▶ What the task requires:
Below are lines of records; copy exactly those from the one containing "anco Central altera" through the one containing "Come nasce una", leaving the pictures behind.

▶ Records for this task:
Segment Open

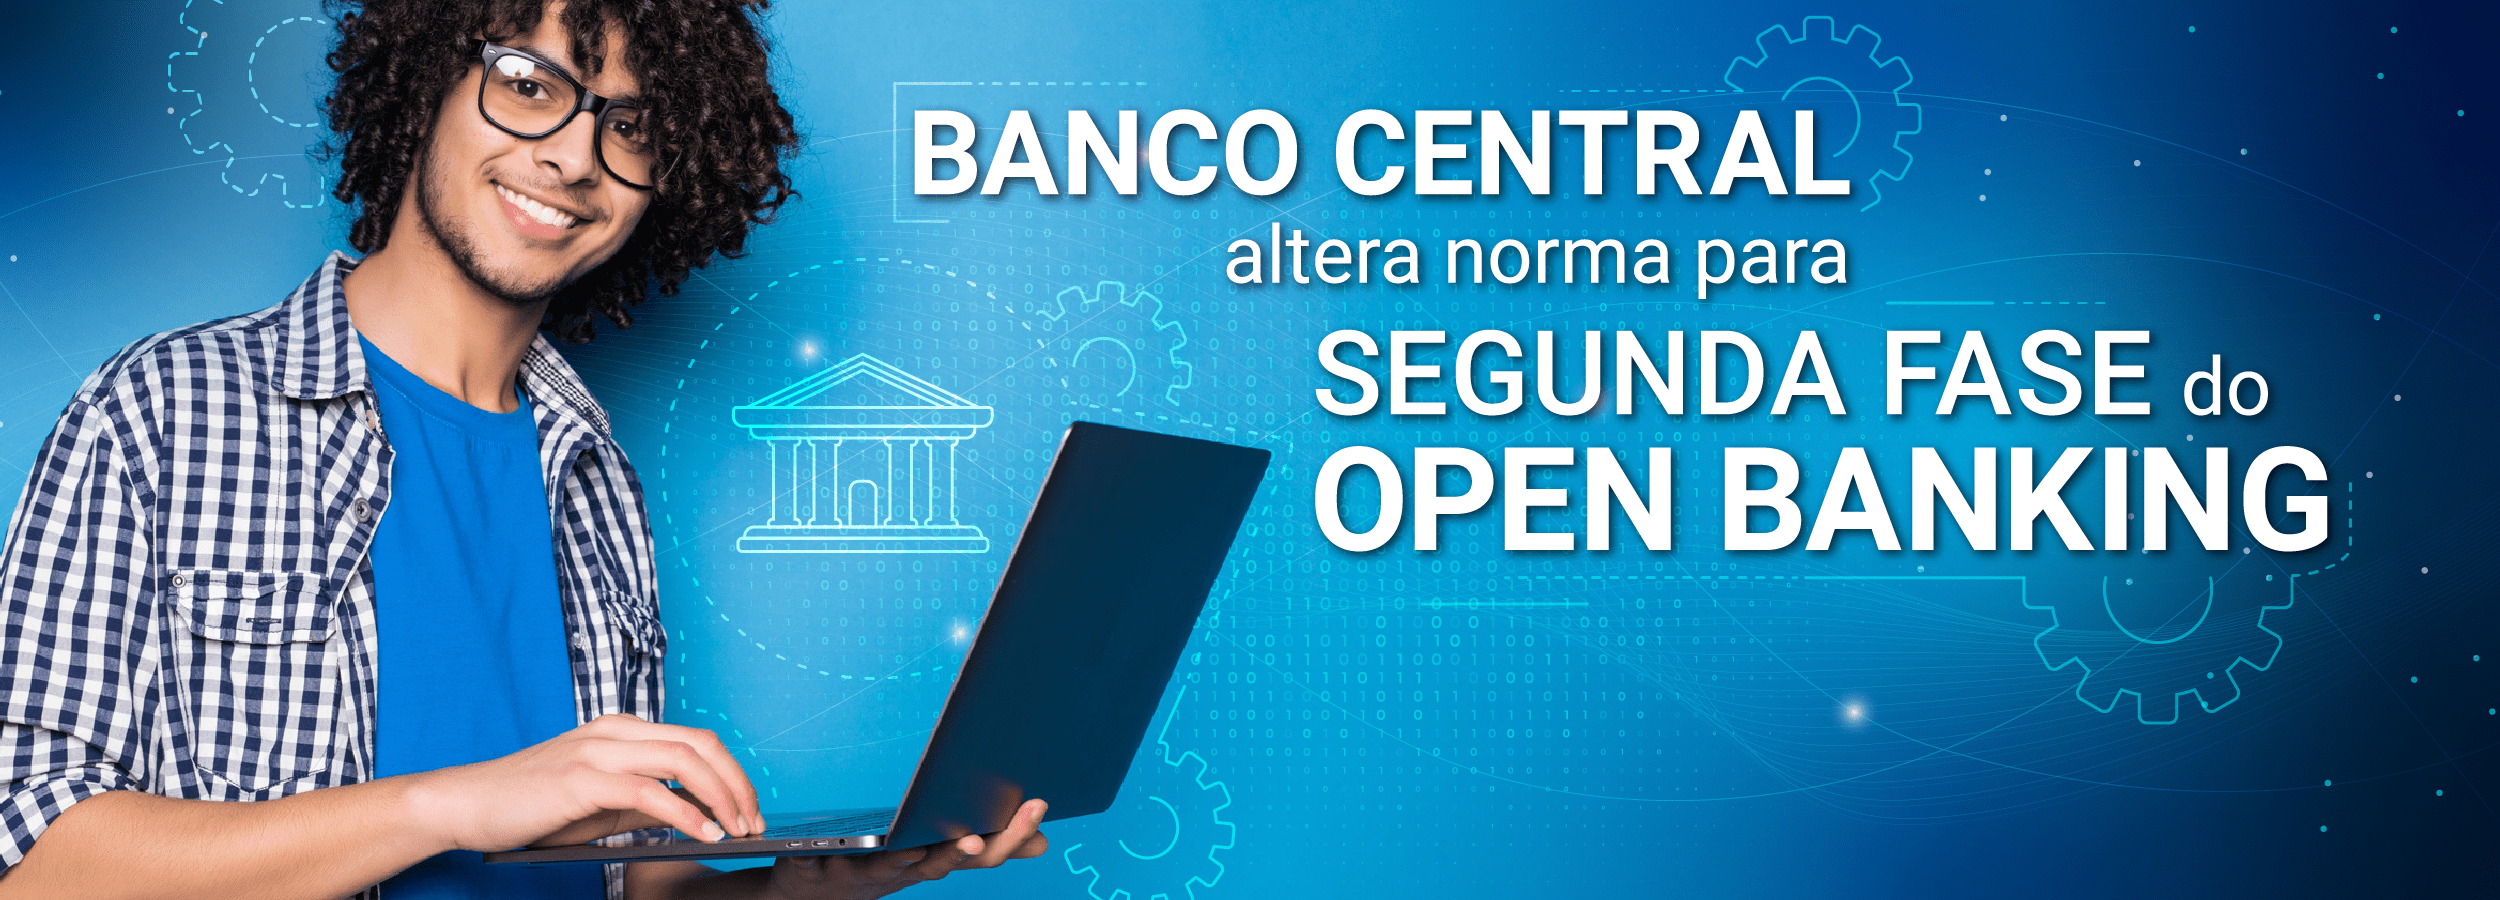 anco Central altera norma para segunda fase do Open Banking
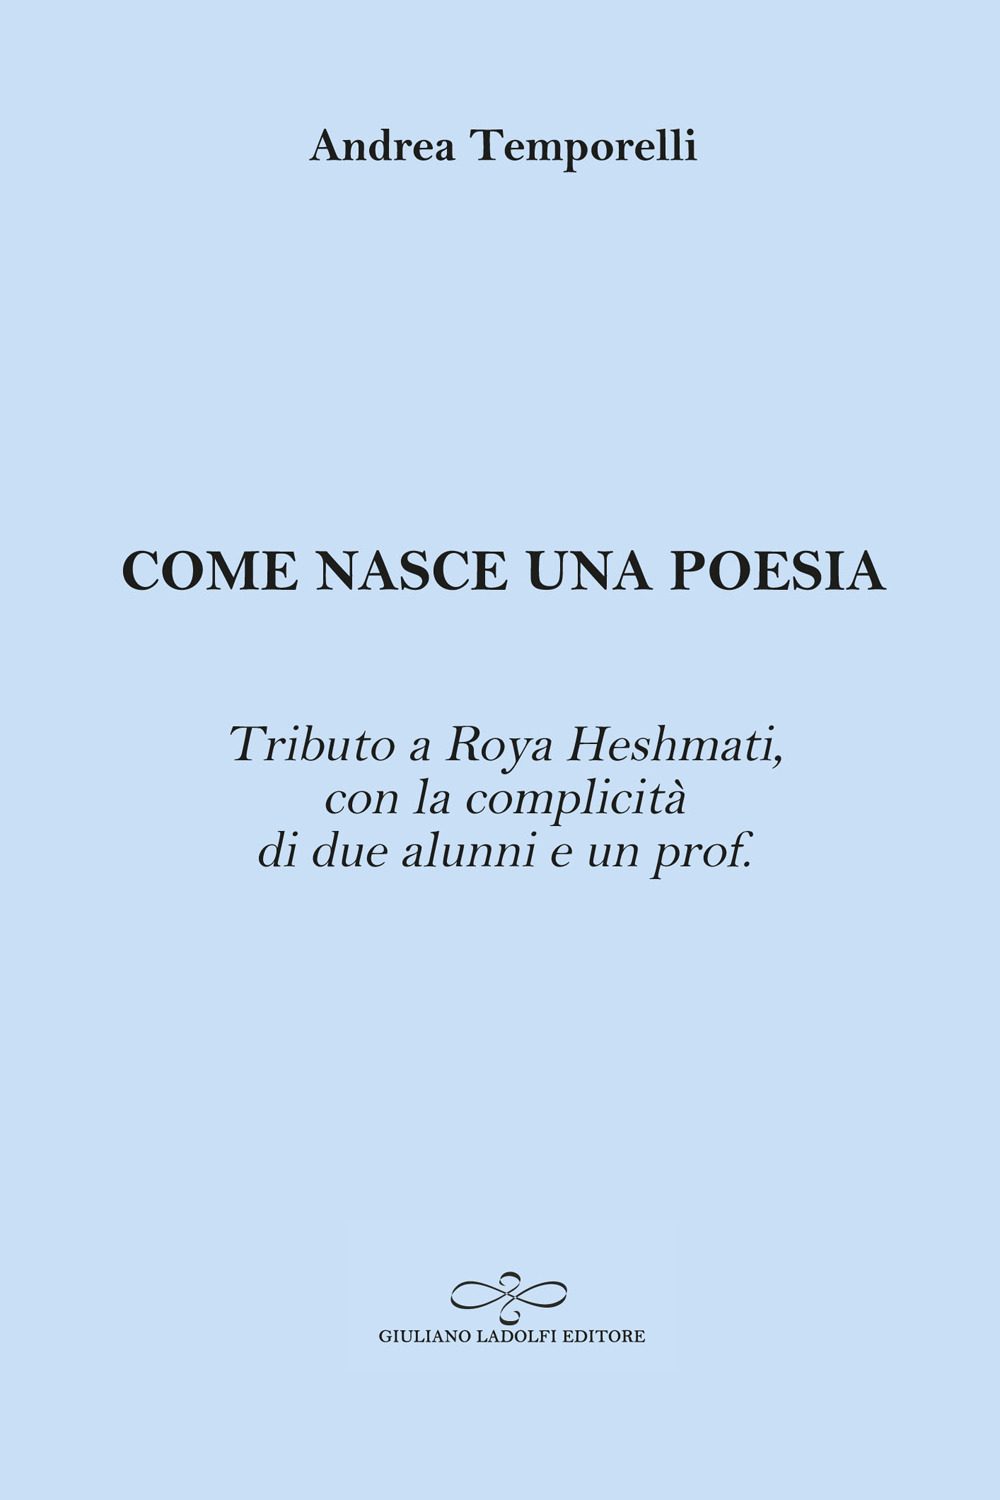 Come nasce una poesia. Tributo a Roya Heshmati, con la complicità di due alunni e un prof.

Segment Closed
Segment Open

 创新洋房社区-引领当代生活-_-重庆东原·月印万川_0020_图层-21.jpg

Segment Closed
Segment Open

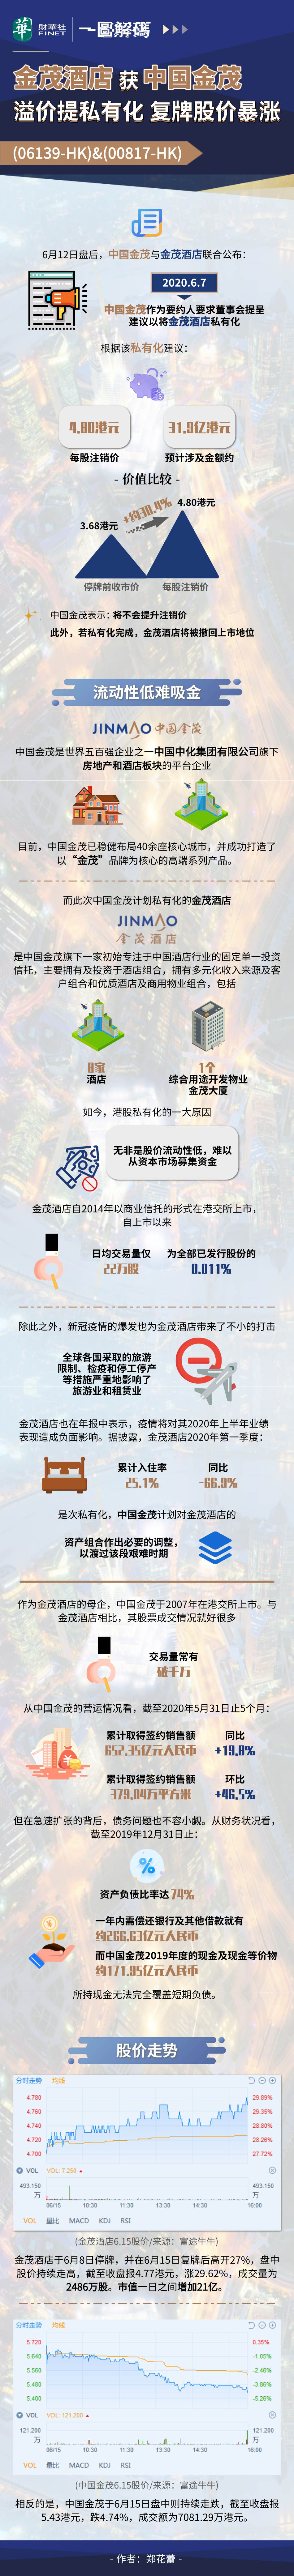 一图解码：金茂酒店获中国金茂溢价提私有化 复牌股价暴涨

Segment Closed

▶ Answer below:
 anco Central altera norma para segunda fase do Open Banking
 Come nasce una poesia. Tributo a Roya Heshmati, con la complicità di due alunni e un prof.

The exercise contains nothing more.